As individuals living in the U.S., we must stop placing faith in the state. We must accept that the State isn’t working in our collective, or individual, best interest.

It doesn’t escape me that saying as much reads as taboo: being “American” means accepting the conditioned belief that America is always right – no matter what.

Let’s sit with that lie which white colonizers brought to this continent. Reflect upon the possibility that it’s an illusion leading us to destruction.

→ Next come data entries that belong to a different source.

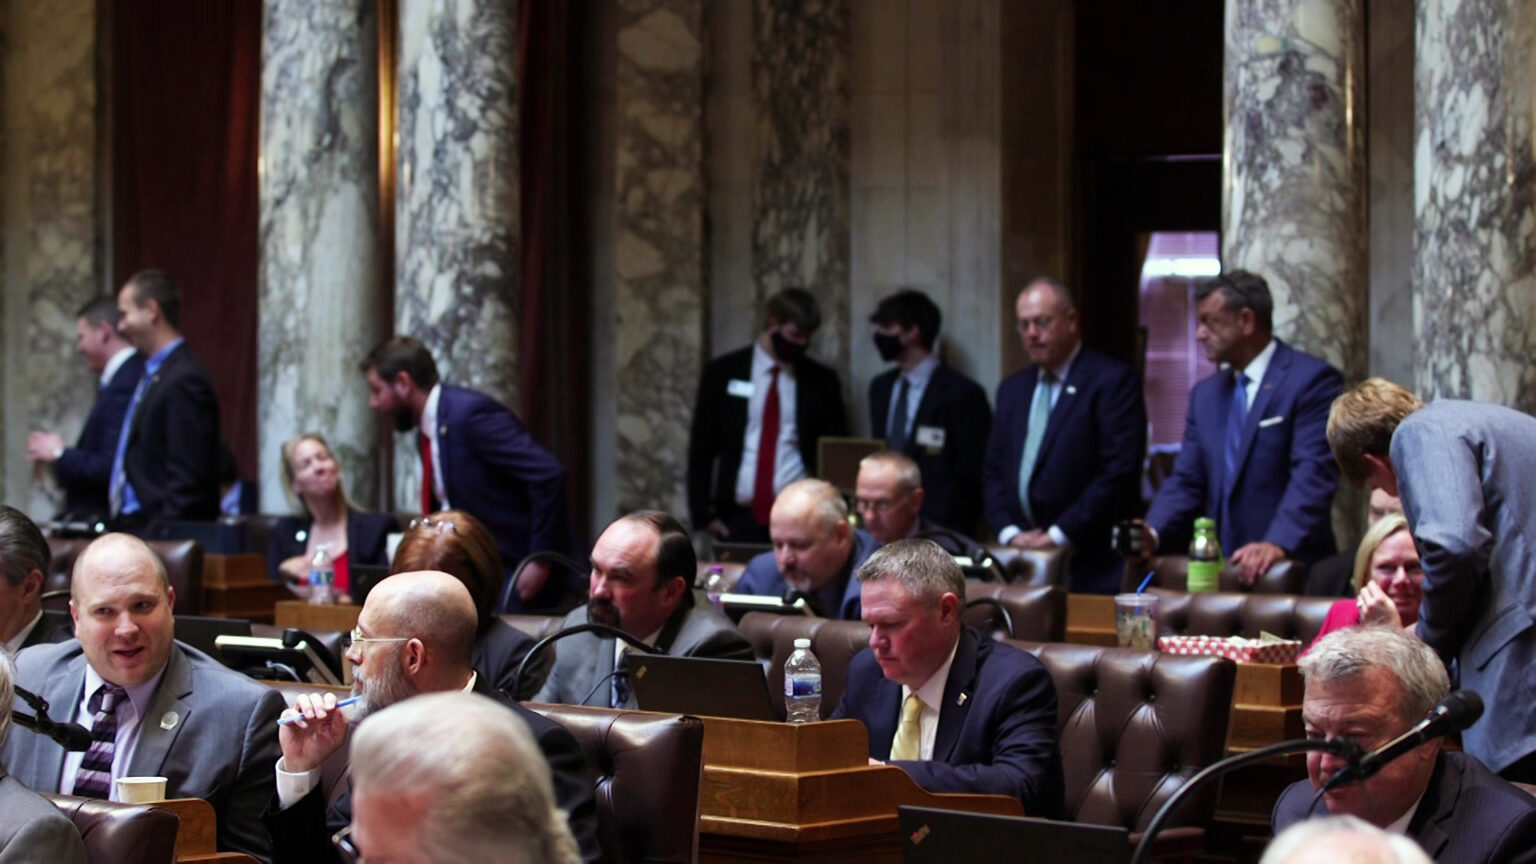 Wisconsin Assembly members and support staff dressed in professional attire sit at desks with large leather-padded chairs or stand in aisles in a room with marble walls and columns.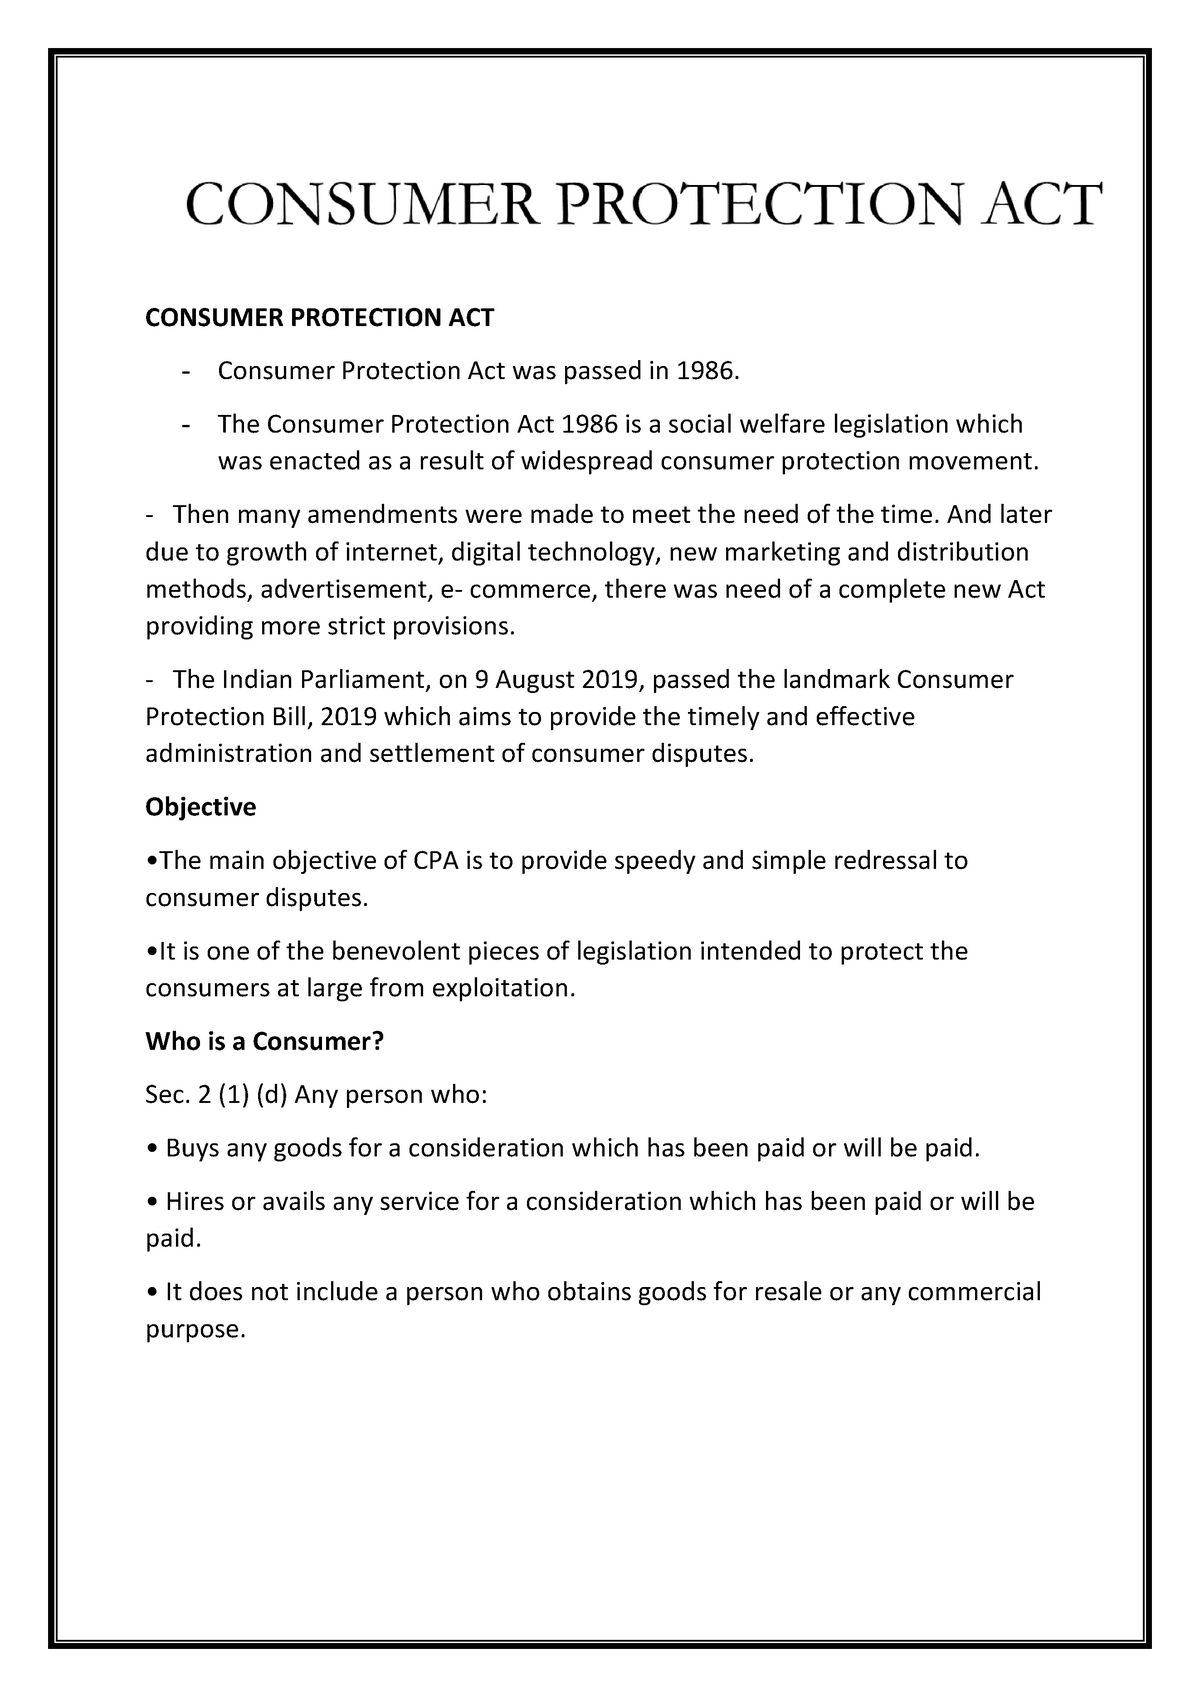 consumer protection act 1986 essay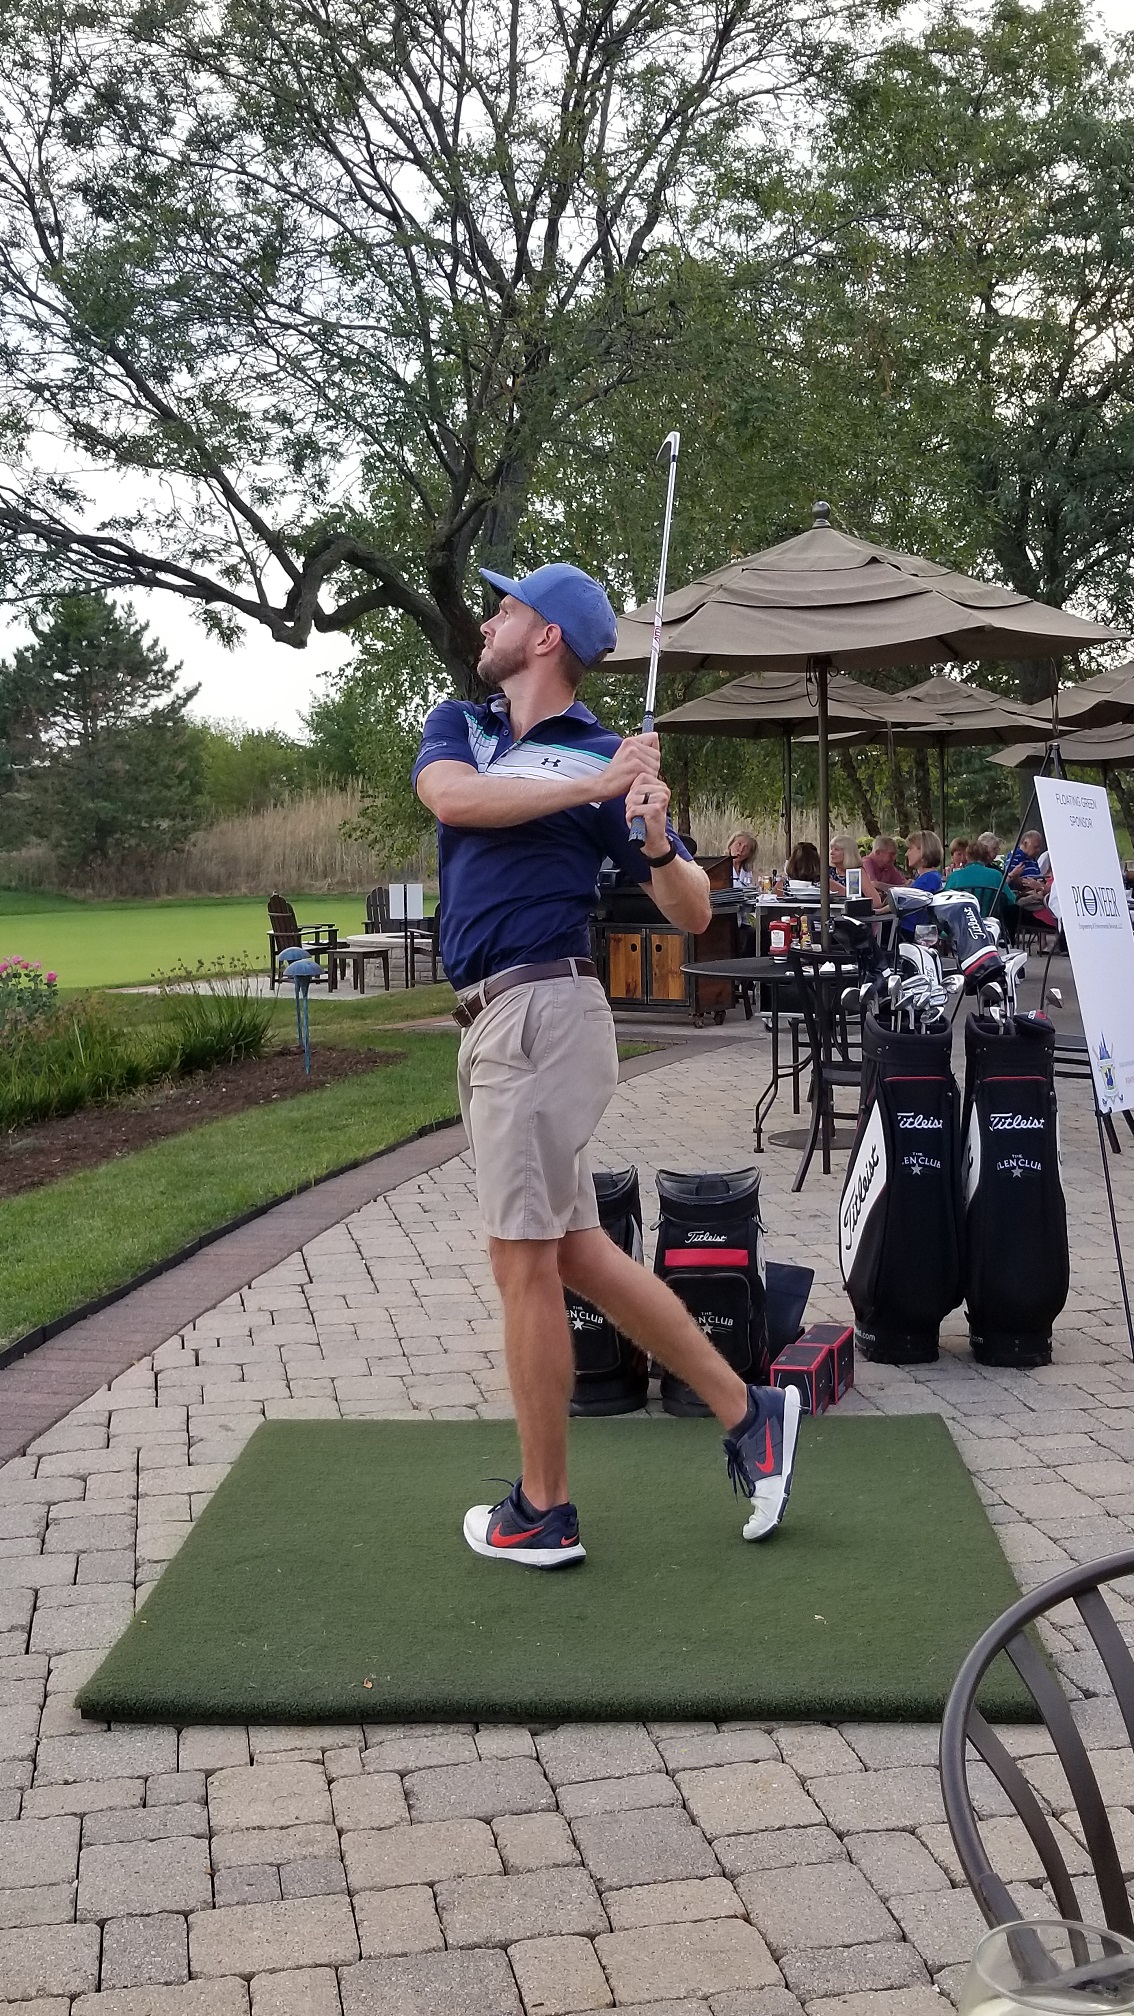 Jeff Gurrister practices his swing during the 4th Annual Real Estate to the Rescue Golf Outing charity tournament, for the Save-A-Pet Foundation.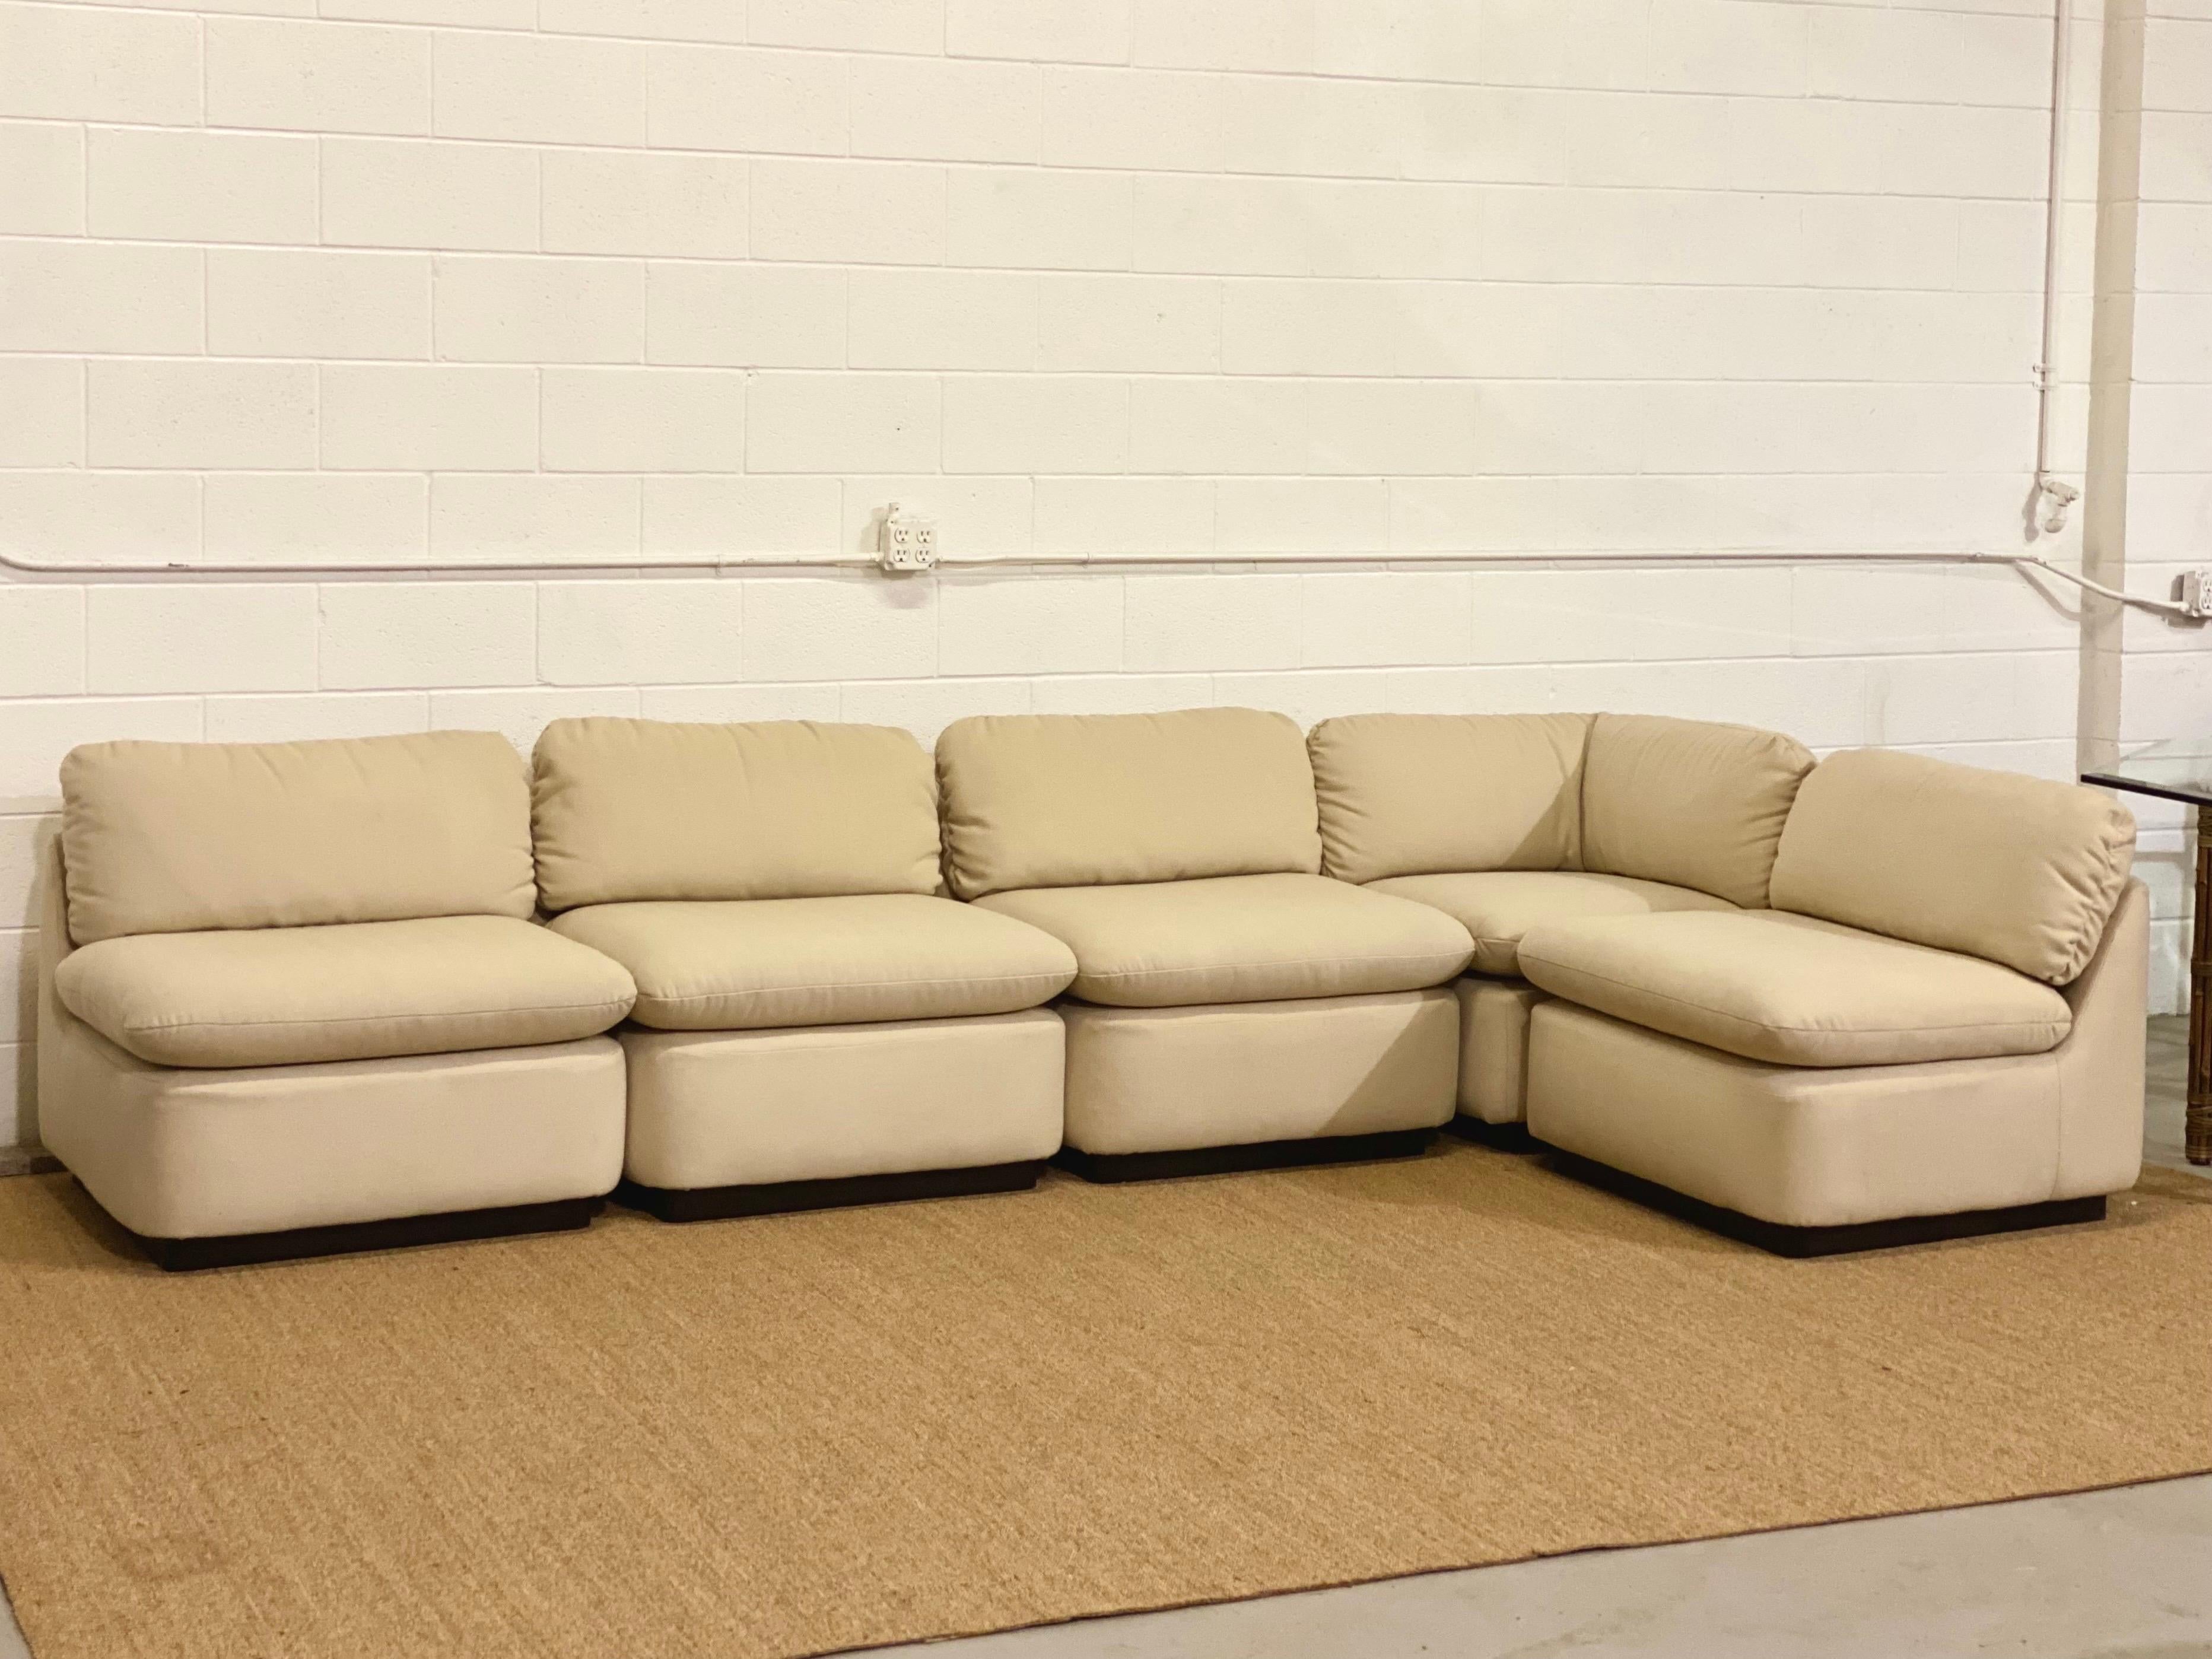 1990s Directional White Ivory Five Piece Modular Lounge Sectional – 5 Pieces For Sale 2

Personally, I use the works of two women – Drs. Marsha Linehan and Rita Segato – as a guide for living through the death of the U.S., while also examining actionable ways to create its replacement.

This is the first of an ongoing series.

How To Use Radical Acceptance

U.S. Psychologist Dr. Marsha Linehan’s concept of Radical Acceptance (1993) is defined as, the acceptance of one’s tangible reality for what it is, not what one wishes it to be. Outside of Dialectical Behavioral Therapy construct, Radical Acceptance helps us to see our social realities in place of projected patriotic idealism.

I see the U.S. as it is – increasingly harmful, violent, and oppressive to peoples who don’t match its founding white Christian archetype. I don’t like it, but I see and accept the reality.

How A Manifesto in Four Themes is Used

Patriarchy is at the center of Argentine-Brazilian anthropologist Dr. Rita Segato’s A Manifesto in Four Themes (2016). The state defines who a man is, by posing the question of gender and simultaneously providing its answer. According to Dr. Segato:

“the question of gender–the patriarchal order–is the cornerstone and center of gravity for all forms of power.”

The “church” (or a nation’s prominent religious order) has been historically invested in upholding Conservative law due to land ownership. In the United States, that investment is rooted in ongoing global colonialism – which has always been the goal of all patriarchal societies.

Accepting Historical Fact: The United States was built on Death 

Thomas Jefferson – enslaver, child rapist, and third President of the United States – wrote into the Declaration of Independence:

“We hold these truths to be sacred & undeniable; that all men are created equal & independent, that from that equal creation they derive rights inherent & inalienable, among which are the preservation of life, & liberty, & the pursuit of happiness”–the American Declaration of Independence, 1776.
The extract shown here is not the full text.